Behavioural science has a lot to say on this topic: Charles Duigg’s seminal book ‘The Power of Habit’ published in 2012 marked the beginning of a new focus on the science of habitual behaviours. More recently, ‘Atomic Habits’ by James Clear, and ‘Good Habits, Bad Habits’ by Professor Wendy Wood have added even more to the literature pool, arming us with tonnes of information about how to proceed in our new year’s endeavours.

If you’ve already picked out your resolutions, or you’ve been wanting to make a change for a while, here are some science-backed, habit-based tips and tricks to help you. For the purpose of this blogpost we’ll be focusing on the practical steps you can implement to support your behaviour change, but if you would like to read more about the science of habits, please check out our longer PDF on this very topic!

Good luck!

Tip 1 - Create a stable and supportive environment

Habits are always triggered by a cue, typically in a context that is stable and consistent in our lives. The cue triggers our memory of doing the same action or routine previously, and helps to initiate it again. Much of our routine behaviour is cued by the time of day, for example making your first cup of coffee after waking up, or eating a meal at lunchtime.
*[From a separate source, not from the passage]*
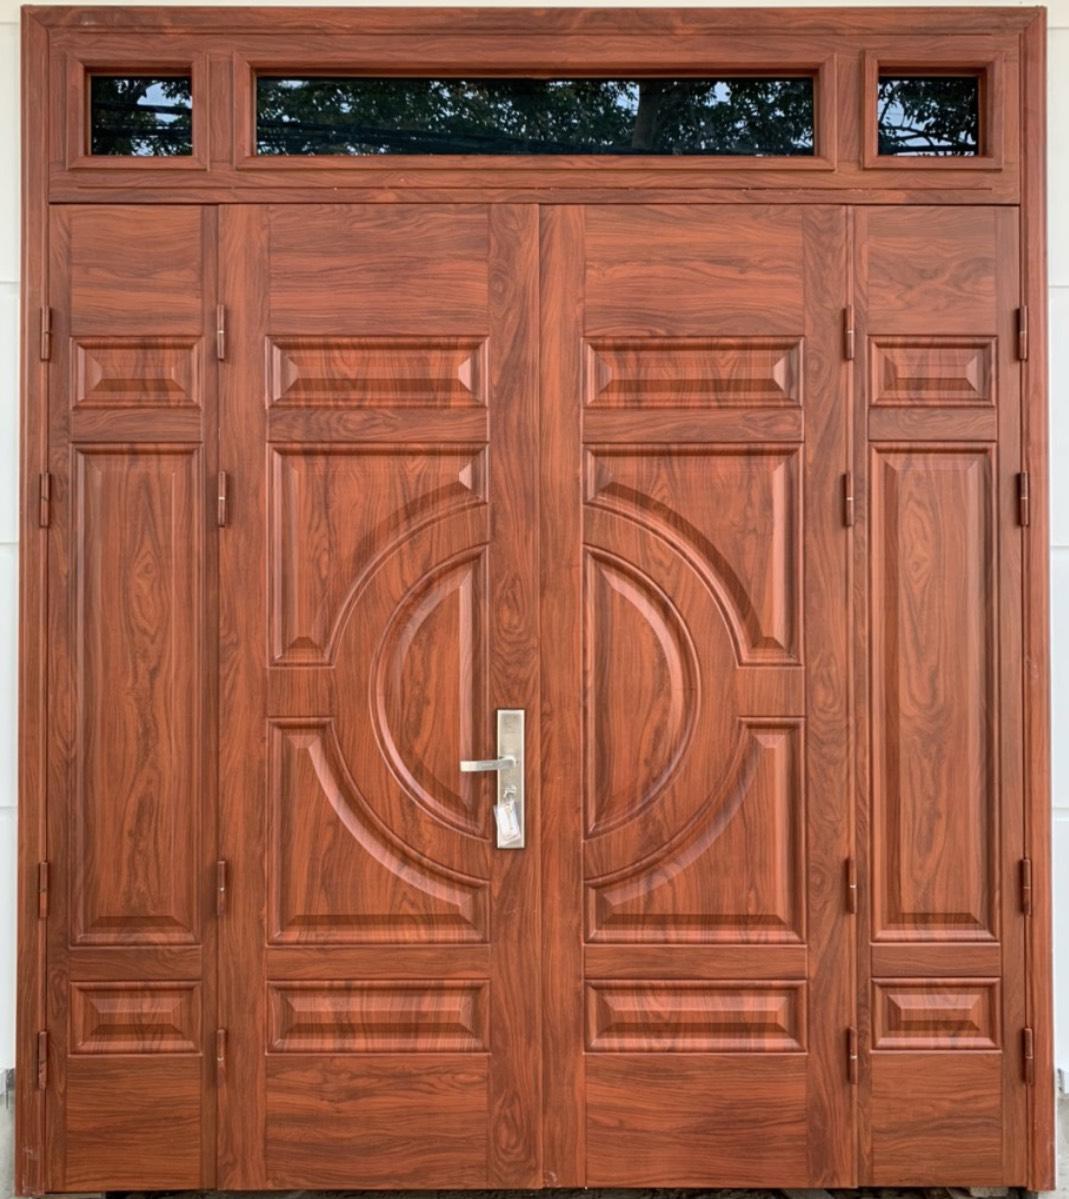 Cửa thép vân gỗ là gì?
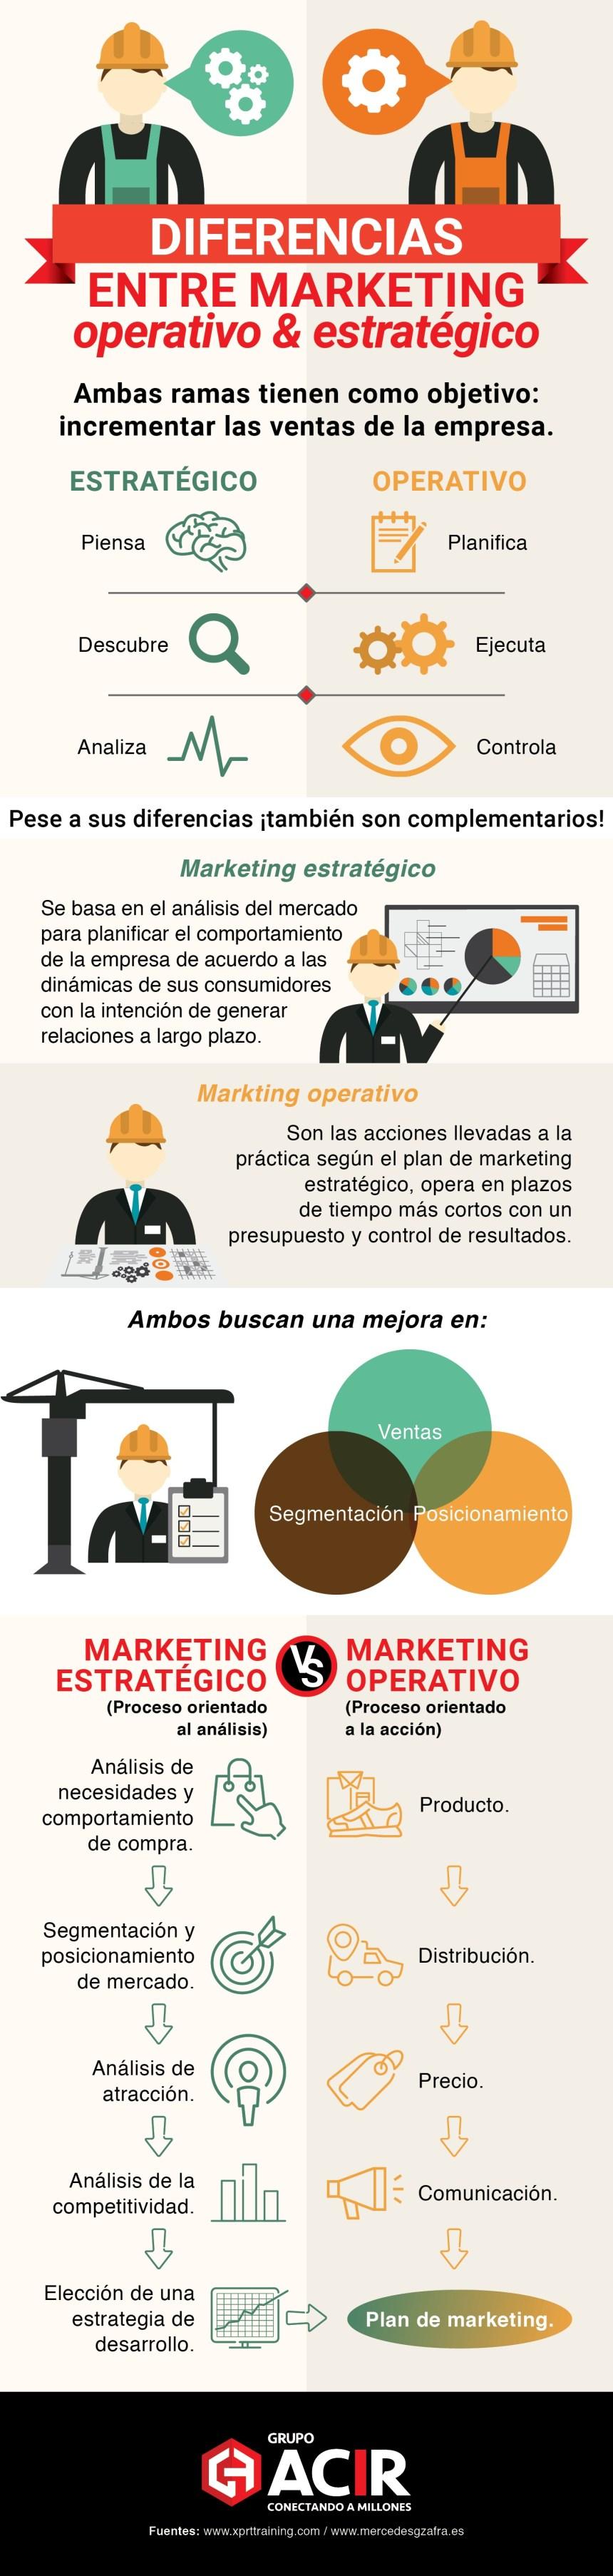 Diferencias entre marketing operativo y estratégico

A supportive environment means removing barriers and making it as easy as possible for yourself to perform the new behaviour. A classic example of this is packing your gym bag in the evening if you want to go to the gym in the morning. This removes the friction of having to decide what to wear, what work clothes you might need, and whether or not to make a pack lunch, all at 6am in the morning! In addition to this, you might place your gym bag in front of your bedroom door so that it’s one of the first things you see in the morning. This will provide a cue for you to get up and go to the gym!

Tip 2 - Leverage the context

Research shows us that one of the best times to develop a new habit, or break an old one, is during ‘life changes’. That could mean moving house, changing jobs, a new baby or any other event that disrupts the routine behaviours you currently partake in.

Annoyingly, it’s pretty impossible to manufacture a significant life change just to help you with your new year’s resolutions (although make a note of this for next time you move house!), so another way to leverage context is to piggyback your new habit onto an existing one. This works especially well when the new behaviour is compatible with the existing habit. For example, if you want to start flossing your teeth regularly, piggybacking onto your teeth brushing routine is the smartest way to establish a new routine quickly and effectively. Perhaps you want to start a stretching routine to increase flexibility? If you already regularly partake in a form of exercise, incorporating the stretching before or after your current practise is a great idea.

Tip 3 - Start small, and make a plan

You’re better off running for 10 minutes a day consistently across the year, compared to setting a huge goal or running 10km every week and never meeting your targets. Setting goals that are too huge might initially seem like a challenge, but as your motivation starts to wane they can instead feel overwhelming, unachievable, and too difficult.

If you start by building a small habit, you can then slowly build your behaviour, piggybacking as we suggested above. A great example of this might be if you want to cut back on your alcohol intake. Many people start off the year with Dry January, which is motivating for a number of reasons not least the fact that taking part in a social movement provides us with the social norms reinforcement we crave as human beings. But after January, going completely cold turkey might start to seem impossible. What about big social events like birthdays and weddings?

Make a plan. Perhaps at first you will decide not to have an alcoholic drink on Mondays. Try that for a month or two. And then when that has become routine, add another day to the mix. The trick here is to keep building slowly, try not to be in a rush to reach the end goal. In behavioural science we call this kind of goal-setting chunking, and it’s really effective!

Tip 4 - Reward yourself!

Finally, a reward for all your hard work! Research suggests that incorporating some kind of reward during a new routine or after achieving a goal can help to incentivise and motivate us. On top of this, rewards also help to reinforce our new routines, which is crucial for developing a proper habit.

To make the most of this incentivising effect, you should try to include a variety of different types of reward: tangible rewards such as rewarding yourself with a latte from a nice coffee shop when you manage to cycle to work instead of driving; or more subconscious rewards like getting more quality time with your family if you succeed in cutting down your ‘screen time’. Varying the size of the rewards also helps: small rewards can pave the way to succeeding at a larger goal which is coupled with an equivalent prize.